Berkshire Hathaway’s first 13F filing under new CEO Greg Abel reveals a portfolio in transition, doubling down on big tech while unwinding the influence of a departed manager.
Berkshire Hathaway’s first 13F filing under new CEO Greg Abel reveals a portfolio in transition, doubling down on big tech while unwinding the influence of a departed manager.

In his first quarter as chief executive, Greg Abel put his stamp on Berkshire Hathaway Inc.’s $263 billion equity portfolio, executing a significant $8.2 billion net sale of stocks while making a new $2.6 billion bet on Delta Air Lines and more than tripling the firm's stake in Google-parent Alphabet.
"A large portion of our portfolio is concentrated in a small number of American companies such as Apple, American Express, Coca-Cola, and Moody’s – businesses we understand well," Greg Abel wrote in his 2025 shareholder letter, signaling a continuation of the firm's concentrated approach.
The Q1 2026 filing showed Berkshire bought $15.9 billion of stocks while selling $24.1 billion, its fourteenth straight quarter of net sales. The portfolio shrank from 40 positions to just 29, with top five holdings Apple, American Express, Coca-Cola, Bank of America, and Chevron now comprising 67.1% of the total. While the massive Apple stake was held steady, the Alphabet position swelled to over $16.6 billion.
These moves suggest Abel is comfortable with large, concentrated technology bets but is also aggressively streamlining the portfolio to reflect his conviction. The widespread liquidations, largely attributed to the departure of money manager Todd Combs, indicate a consolidation of capital allocation decisions, with the next 13F filing in August expected to show if this selling trend continues.
Berkshire Hathaway’s first quarter under new leadership was a study in decisive action. While Warren Buffett remains as Chairman, the capital allocation decisions for the public equity portfolio now rest with CEO Greg Abel. The latest 13F filing provides the first concrete evidence of his strategy, which appears to blend a commitment to Berkshire’s largest existing positions with a significant house-cleaning of smaller stakes.

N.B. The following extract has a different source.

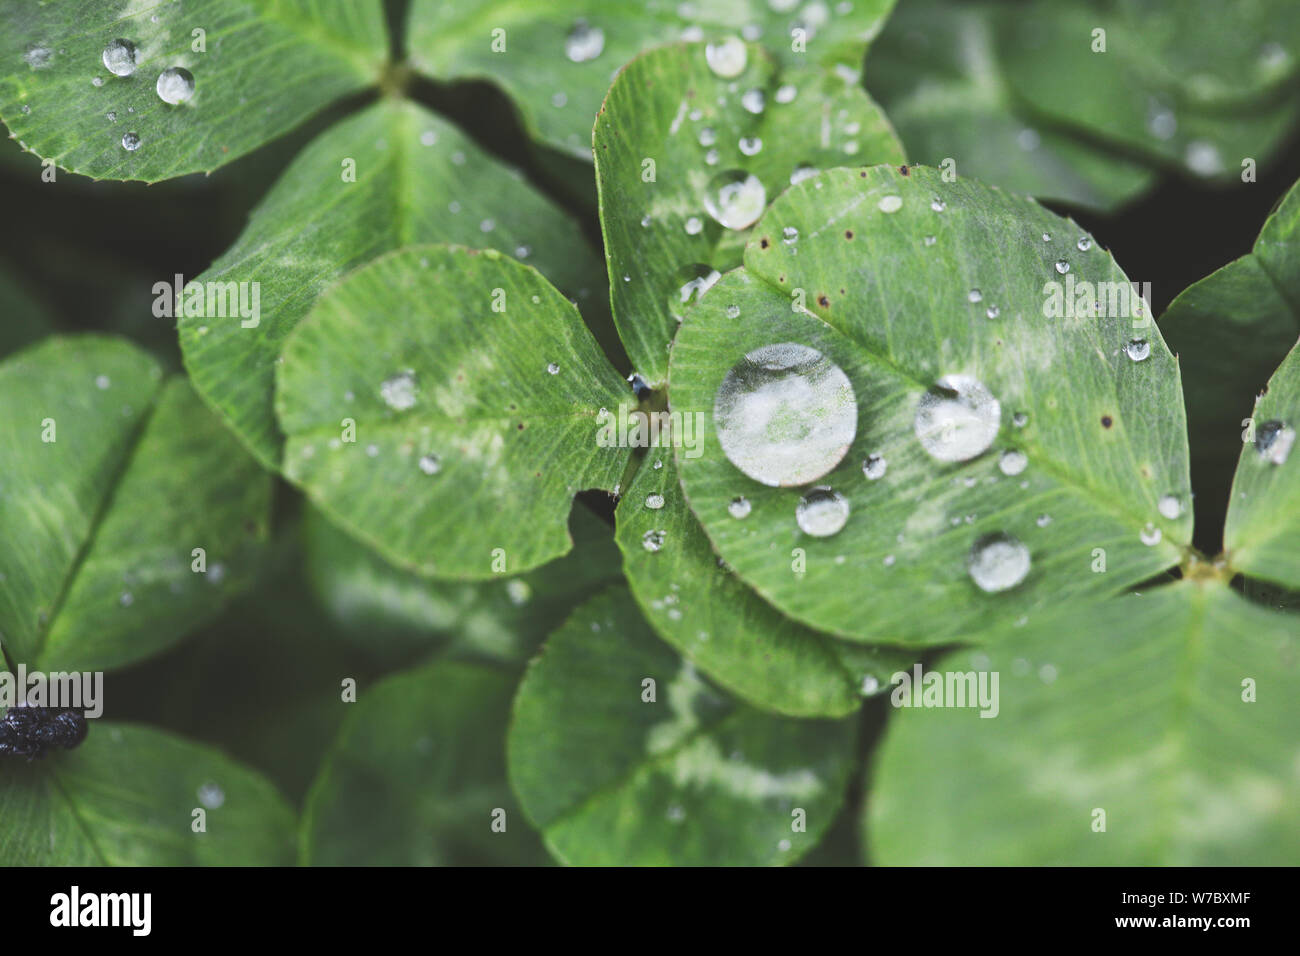 Close-up image of gouttes de pluie sur trois feuilles de trèfles durant un jour de pluie Banque D'Images

The most notable non-move was the decision to maintain the firm's entire position in Apple Inc. (AAPL). After trimming the stake in the prior three quarters, holding steady signals a renewed vote of confidence in the iPhone maker, which remains Berkshire’s largest single investment at approximately 22% of the public portfolio.
While the Apple position was unchanged, Abel made a significant new allocation to another technology giant. Berkshire more than tripled its investment in Alphabet (GOOGL, GOOG), bringing its total stake to $16.6 billion and making it the portfolio's seventh-largest holding. The move deepens Berkshire’s exposure to the digital advertising and cloud computing markets, an area Buffett famously said he previously avoided for lack of expertise.

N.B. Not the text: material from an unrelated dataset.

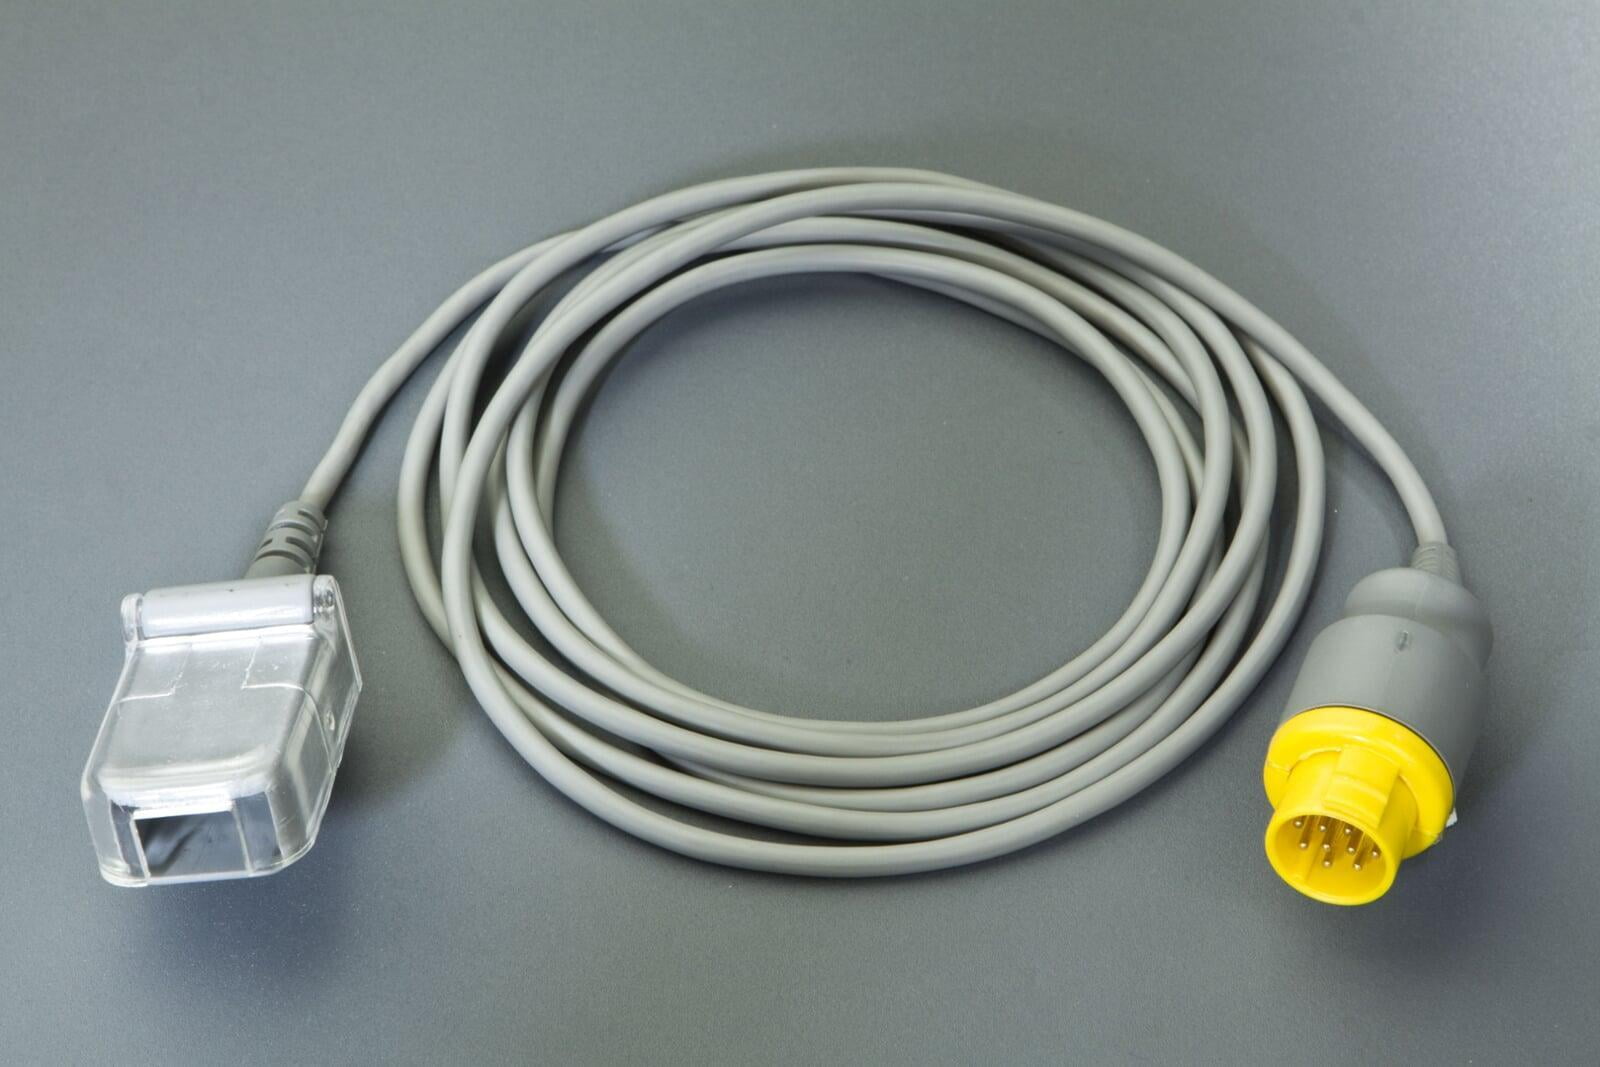 Spo2 sensor extension cable

In a surprising reversal, Berkshire also waded back into the airline industry with a new $2.6 billion position in Delta Air Lines (DAL). The purchase makes Berkshire the carrier’s third-largest shareholder with a 6.06% stake. The move is particularly noteworthy given Buffett’s sale of the firm’s entire airline holdings in 2020 at the height of the pandemic, where he stated, "The world has changed for the airlines."
The quarter was defined as much by what was sold as what was bought. Berkshire exited 16 positions entirely, including major financial-tech players Visa (V) and Mastercard (MA), as well as e-commerce giant Amazon.com (AMZN) and health insurer UnitedHealth Group (UNH).
The sales are widely seen as the unwinding of positions managed by Todd Combs, who departed for JPMorgan at the end of 2025. Abel confirmed as much in public statements, and the liquidations serve to consolidate the portfolio around the highest-conviction ideas of Abel and fellow manager Ted Weschler. Alongside the complete exits, Berkshire also trimmed its stakes in energy firm Chevron (CVX) and Bank of America (BAC). Despite the selling, Berkshire’s cash pile grew to an adjusted $380.2 billion, providing ample firepower for future acquisitions or share repurchases, which resumed with a modest $235 million buyback during the quarter.
This article is for informational purposes only and does not constitute investment advice.